Input records:
- - -

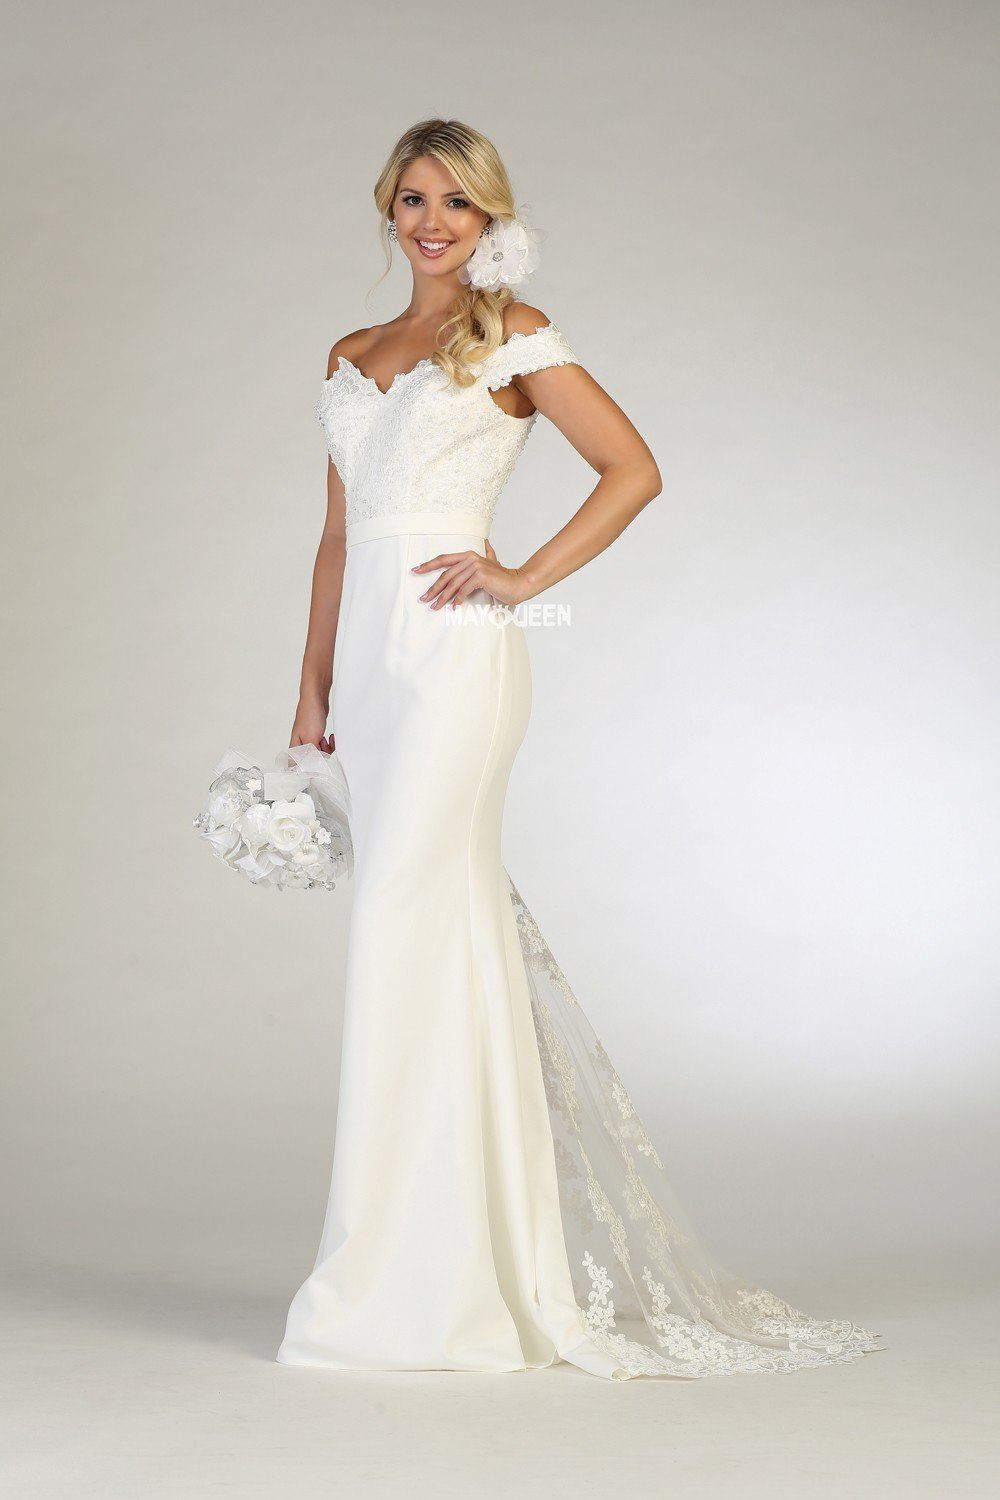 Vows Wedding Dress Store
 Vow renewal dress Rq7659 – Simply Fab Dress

- - -

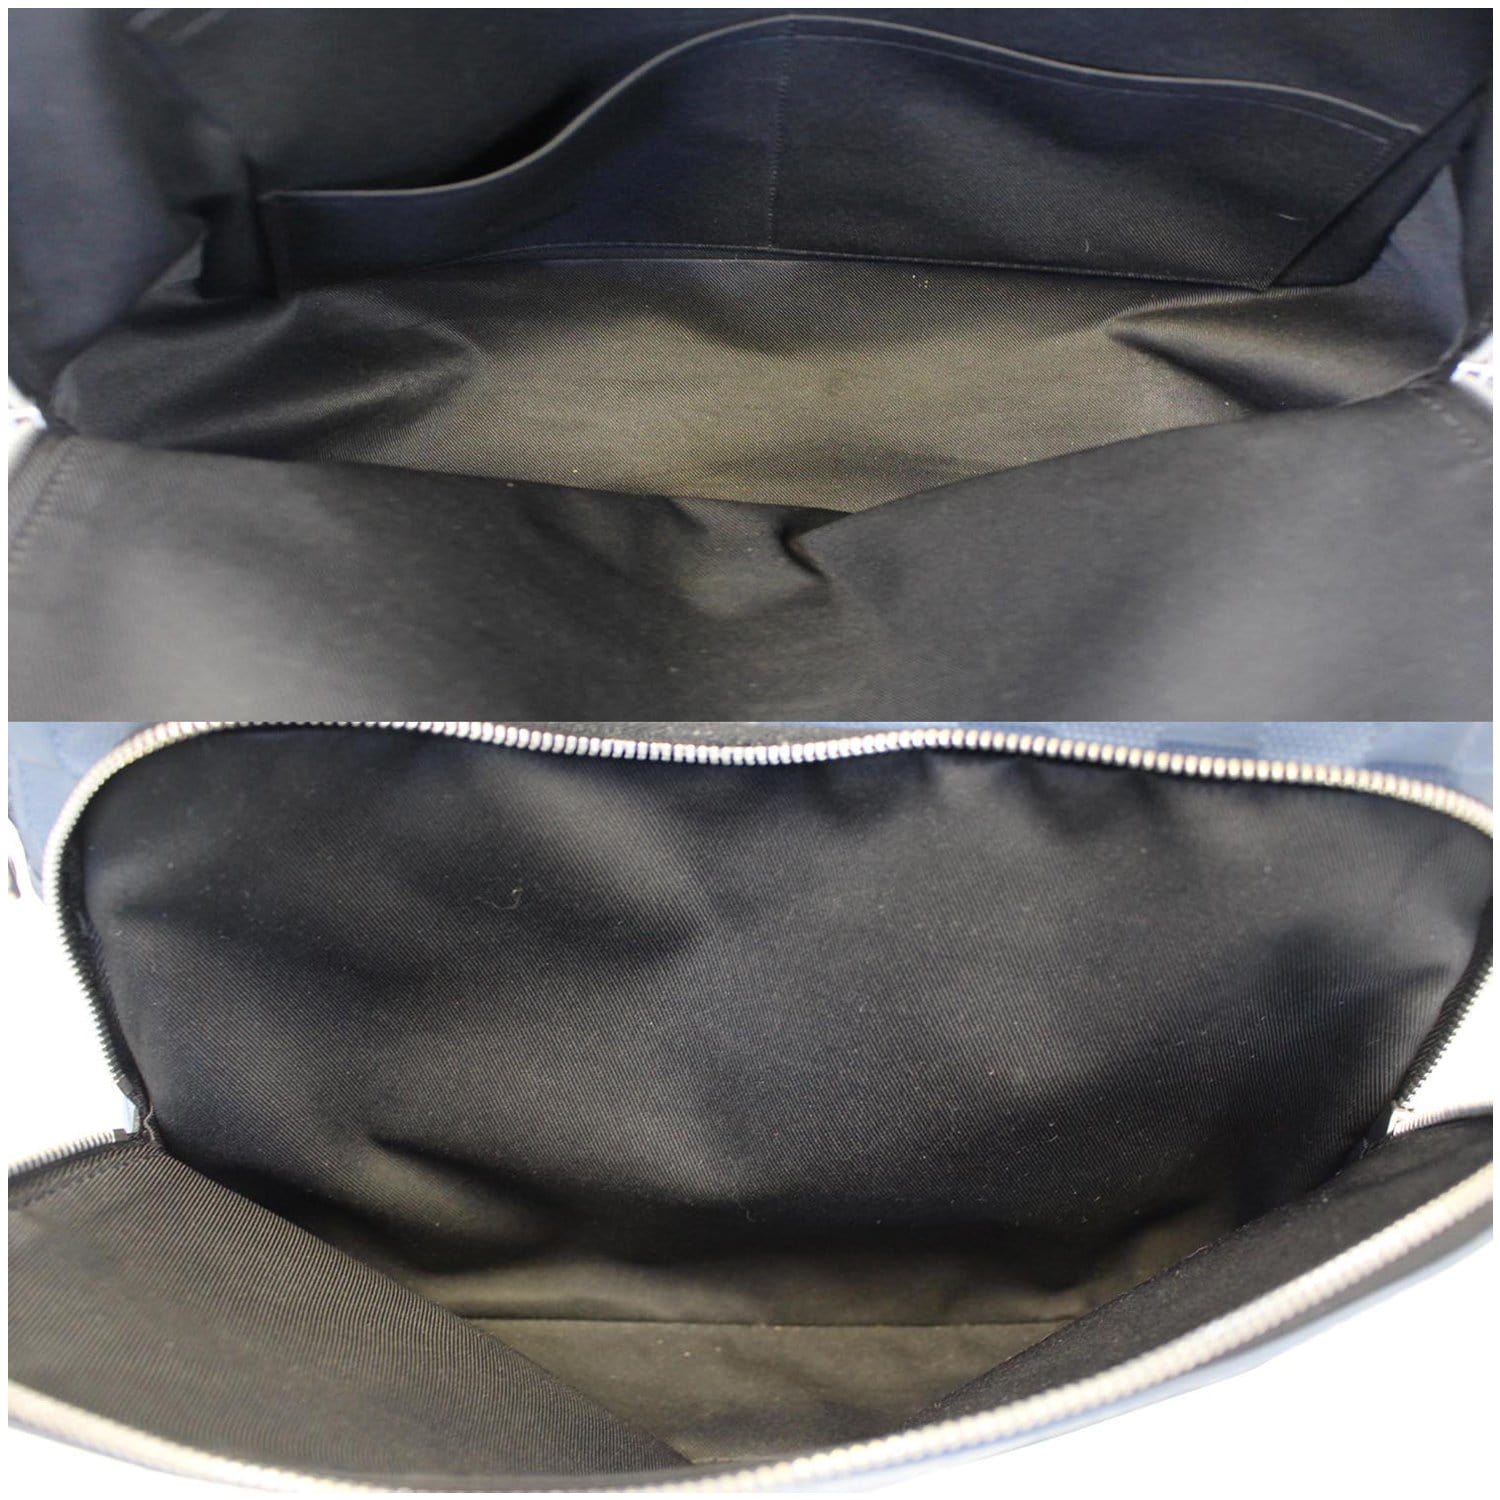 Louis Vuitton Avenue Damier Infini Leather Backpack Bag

- - -

Exercise prompt:
Once the line with "Vows Wedding Dress Store" has been found above, output that line and every later line exactly, stopping after the line with "Vow renewal dress Rq7659 – Simply Fab Dress", and omit the pictures.

Response area:
 Vows Wedding Dress Store
 Vow renewal dress Rq7659 – Simply Fab Dress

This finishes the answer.